Maybe you can see why I didn't want to commit this guy! As you can see, it needs to access a few directories. These are mapped to the host, not volumes, in the docker-compose:

docker-compose.yml

version: '3.8'

services:
  web:
    build:
      context: .
      dockerfile: ResLogger2.Web/Dockerfile
    volumes:
      - ./deploy/persistence/web/:/usr/src/app/persistence/
    ports:
      - "5103:5103"
      - "7281:7281"
    env_file:
      - ./.env.dev
    depends_on:
      - db
  db:
    image: bitnami/postgresql:14.6.0
    user: "1002"
    ports:
      - "5432:5432"
    volumes:
      - ./deploy/persistence/db/:/bitnami/postgresql
    env_file:
      - ./.env.dev

It references .env.dev:

COMPOSE_PROJECT_NAME=rl2dev
ASPNETCORE_ENVIRONMENT=Development
POSTGRESQL_USERNAME=rl2
POSTGRESQL_PASSWORD=rl2
PGPASSWORD=${POSTGRESQL_PASSWORD}
POSTGRESQL_DATABASE=rl2
POSTGRESQL_HOST=db
POSTGRESQL_PORT=5432
RL2_CONNSTRING=Host=${POSTGRESQL_HOST}:${POSTGRESQL_PORT};Database=${POSTGRESQL_DATABASE};Username=${POSTGRESQL_USERNAME};Password=${POSTGRESQL_PASSWORD}
TZ=America/New_York

Note that the production docker-compose (docker-compose.prod.yml) is the exact same, except it references .env.prod, which is the exact same as .env.dev, except it has the production database password in it. In reality, there is absolutely nothing sensitive about a bunch of file system paths for a video game, but I'm trying to learn here.

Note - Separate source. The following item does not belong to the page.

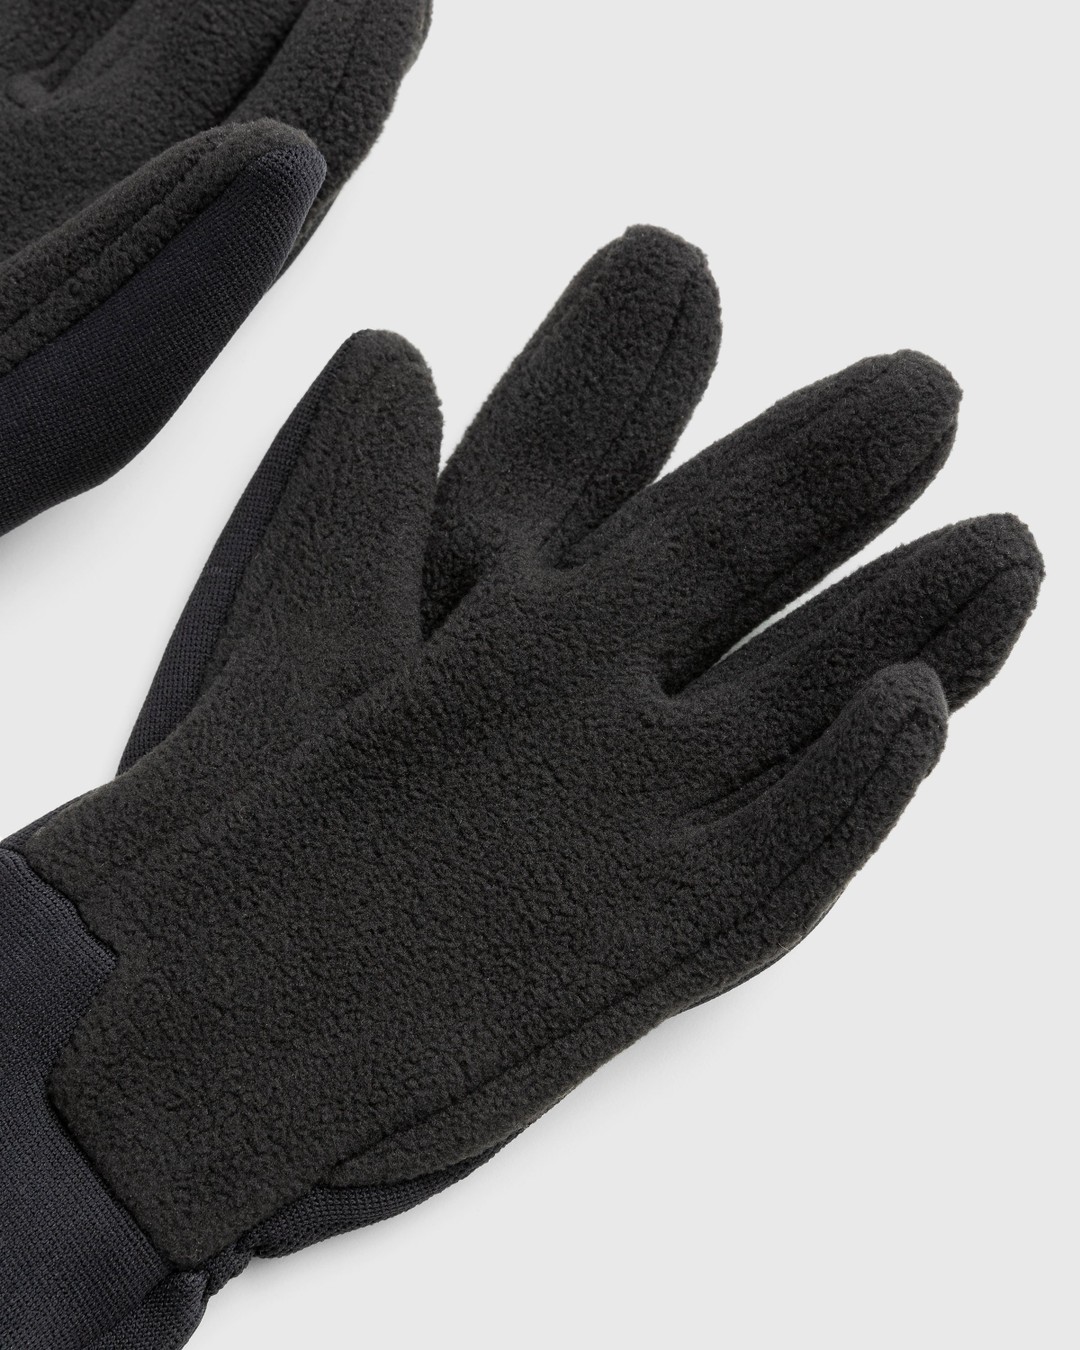 C.P. Company – Seamless Gloves Black - 5-Finger - Black - Image 4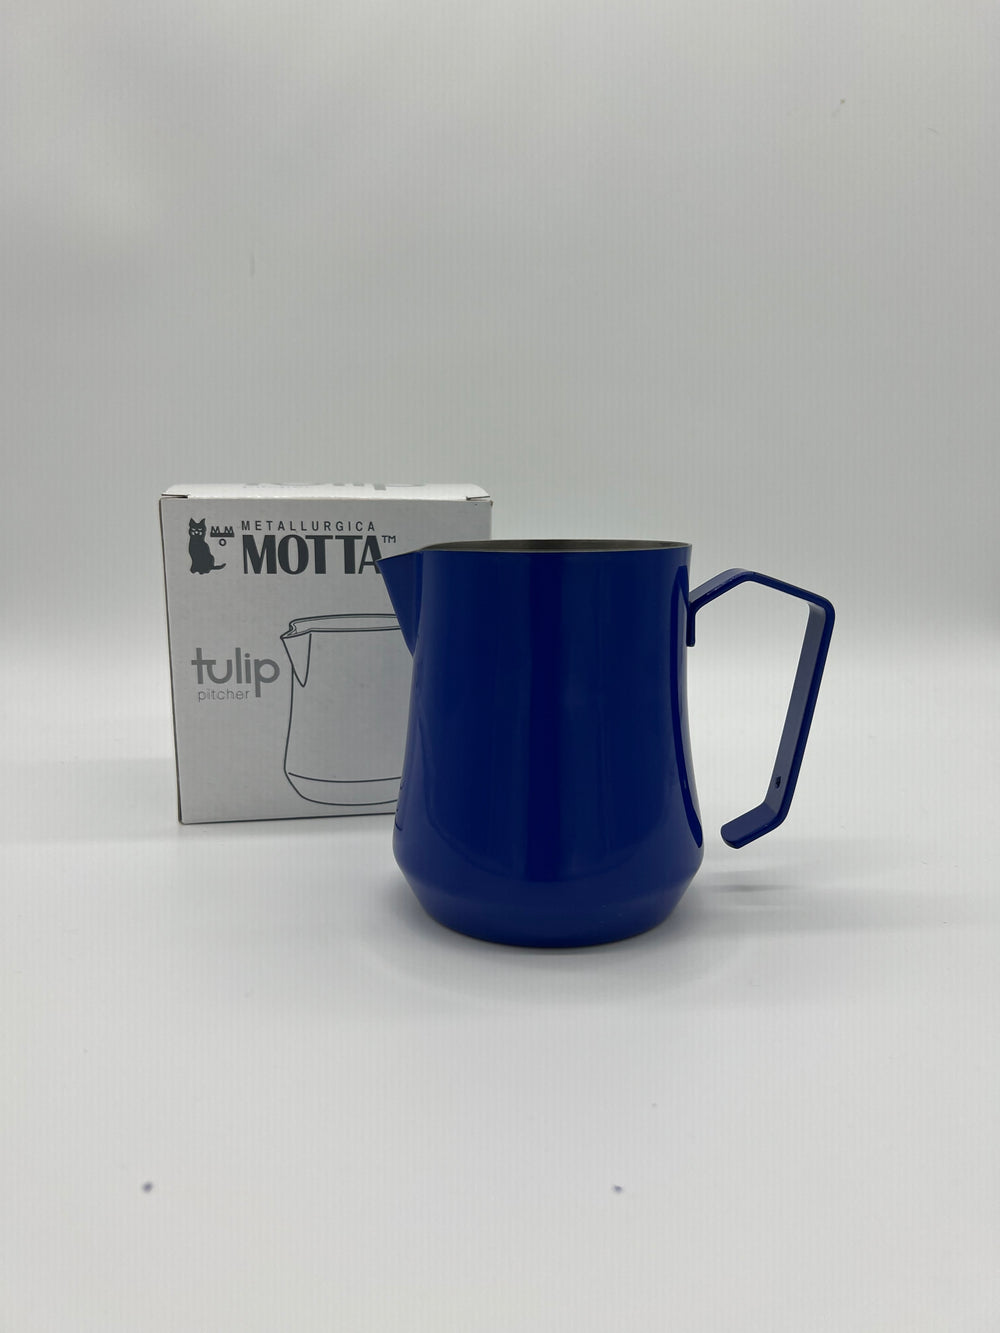 MOTTA Tulip Milk Jug 500ml - BLUE

The Testcontainers Experiment

I've always wanted to try out Testcontainers, but I don't have any tests at all for my personal projects. So instead of writing tests for Testcontainers, I was thinking to just use Testcontainers at runtime! My idea was this: rather than having to configure, maintain, and run yet another docker compose file for API-outside-of-container development, I could just spin up and shut down postgres with the application using Testcontainers:

if (app.Environment.IsDevelopment())
{
	app.UseSwagger();
	app.UseSwaggerUI();
	
	var pgVolume = new VolumeBuilder()
		.WithName("pg_data")
		.WithReuse(true)
		.Build();

	var pg = new PostgreSqlBuilder()
		.WithDatabase("rl2")
		.WithUsername("rl2")
		.WithPassword("rl2")
		.WithPortBinding(5432, 5432)
		.WithVolumeMount(pgVolume, "/var/lib/postgresql/data")
		.WithWaitStrategy(Wait.ForUnixContainer().UntilMessageIsLogged("database system is ready to accept connections"))
		.Build();
	
	await pg.StartAsync().ConfigureAwait(false);
}

This worked great, actually. I temporarily set up a bind mount and restored from a production database backup. I got a few errors - expected, as I didn't drop the database, and EF Core had already created everything for me when booting the application. I didn't spend too much time here. Despite the success, I feel that it's both too coupled and too de-coupled. Too coupled to the application, and too de-coupled from the rest of the so-called infrastructure. However, knowing that Testcontainers works flawlessly even outside of tests is a great strategy for super-quick iteration I'll probably use in the future.

Back to it

So... what's the best path forward? For local development, I think we can do something like so:

Remove all non-defaults from launchsettings.json. This is used when launching the application from an IDE or on the development machine. It also complicates things, as it is yet another place to specify a set of variables that can impact how the application runs.
Rely on the user for local development. Who really cares if you need to spin up a container with docker compose up db once every development session? This way, we can use the same compose file for local development with and without containers, and have a separate docker stack file for automated deployments.
Implement heavy use of appsettings and environment variables for environment controls. Let's be real - the development environment doesn't need log aggregation or certs. But it will require an export directory and a backup directory for proper execution. We can take advantage of appsettings inheritance, ASP.NET environments, and environment variables to streamline the configuration between local-out-of-container, local-in-container, staging, and production. Automated deployments will use docker swarm/stack - and thus we can use configs and secrets for those.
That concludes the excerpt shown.